Как же выглядела кают–компания на различных кораблях? Для начала снова посетим корвет «Коршун»:
«Володя спустился в кают–компанию и подошел к старшему офицеру, который сидел на почетном месте, на диване, на конце большого стола, по бокам которого на привинченных скамейках сидели все офицеры корвета. По обеим сторонам кают–компании были каюты старшего офицера, доктора, старшего штурмана и пяти вахтенных начальников. У стены, против стола, стояло пианино. Висячая большая лампа светила ярким веселым светом».

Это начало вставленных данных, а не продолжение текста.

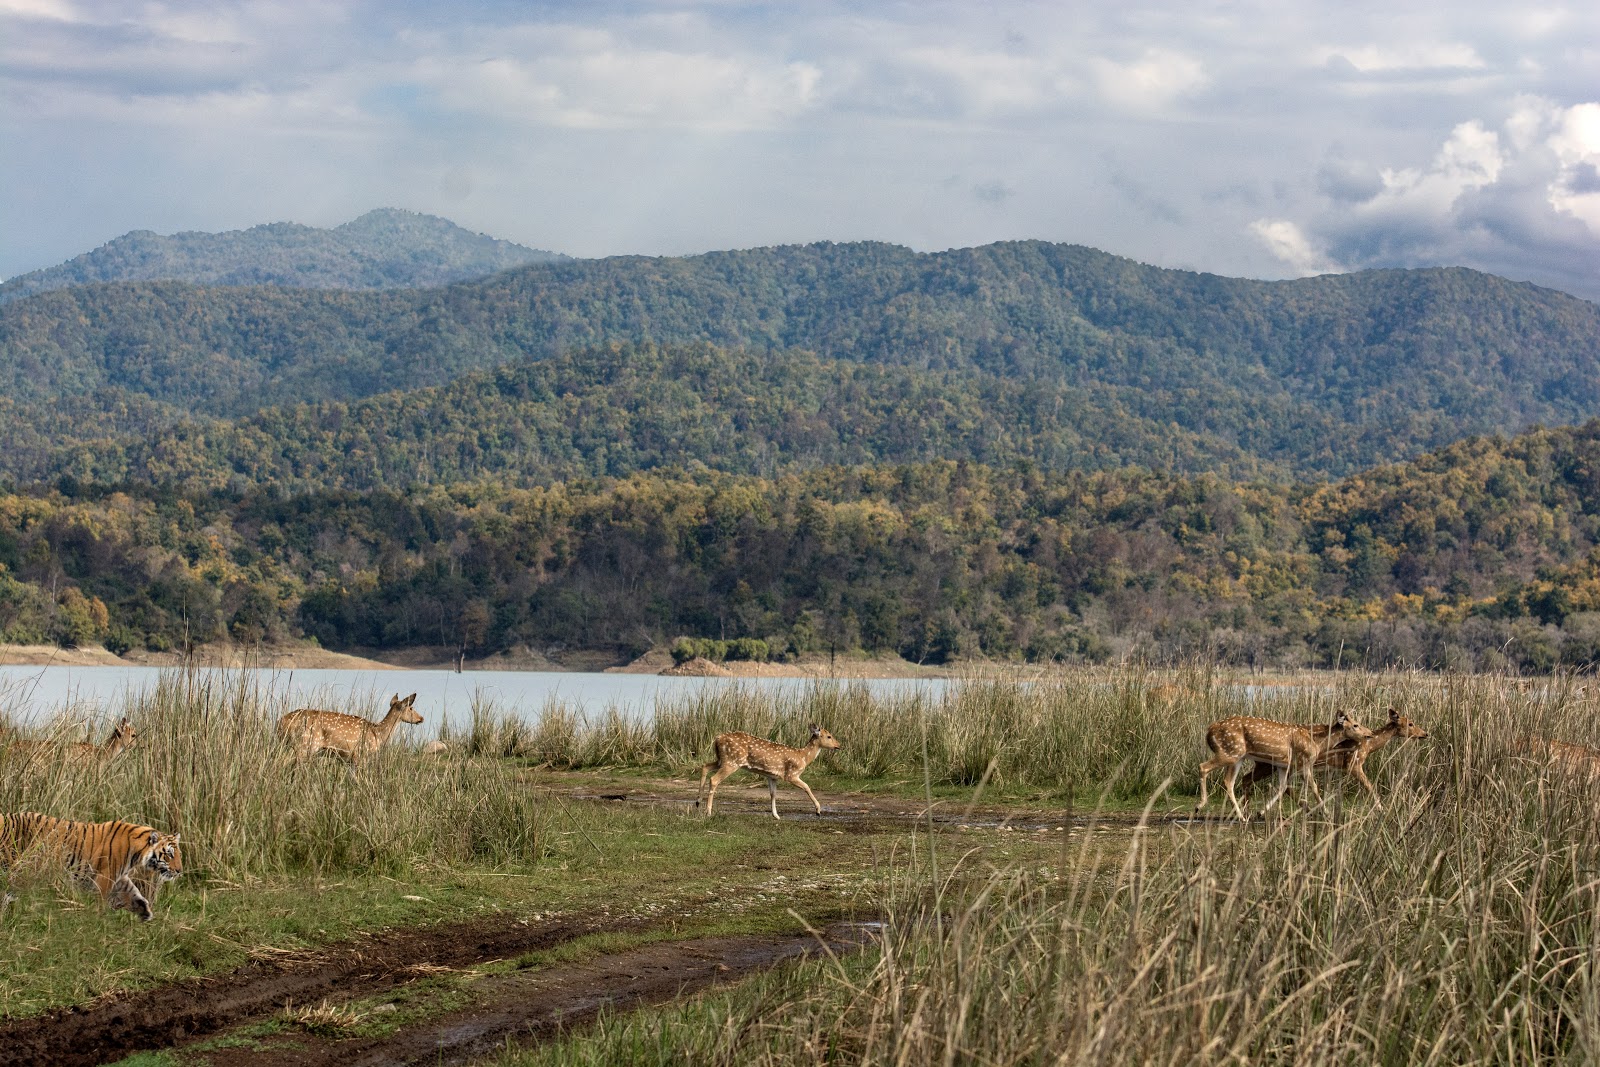 Deer walking through tall grass with mountains and a river in the background

На парусниках большего размера отличий в обстановке «офицерского собрания» практически не было. Вот, например, описание Гончаровым кают–компании фрегата «Паллада»:
«Он[235] привел меня в кают–компанию, просторную комнату внизу, на кубрике, без окон, но с люком наверху, чрез который падает обильный свет. Кругом помещались маленькие каюты офицеров, а посредине насквозь проходила бизань–мачта, замаскированная круглым диваном. В кают–компании стоял длинный стол, какие бывают в классах, со скамьями. На нем офицеры обедают и занимаются. Была еще кушетка, и больше ничего. Как ни массивен этот стол, но при сильной качке и его бросало из стороны в сторону, и чуть было однажды не задавило нашего миньятюрного, доброго, услужливого распорядителя офицерского стола П. А. Тихменева[236]».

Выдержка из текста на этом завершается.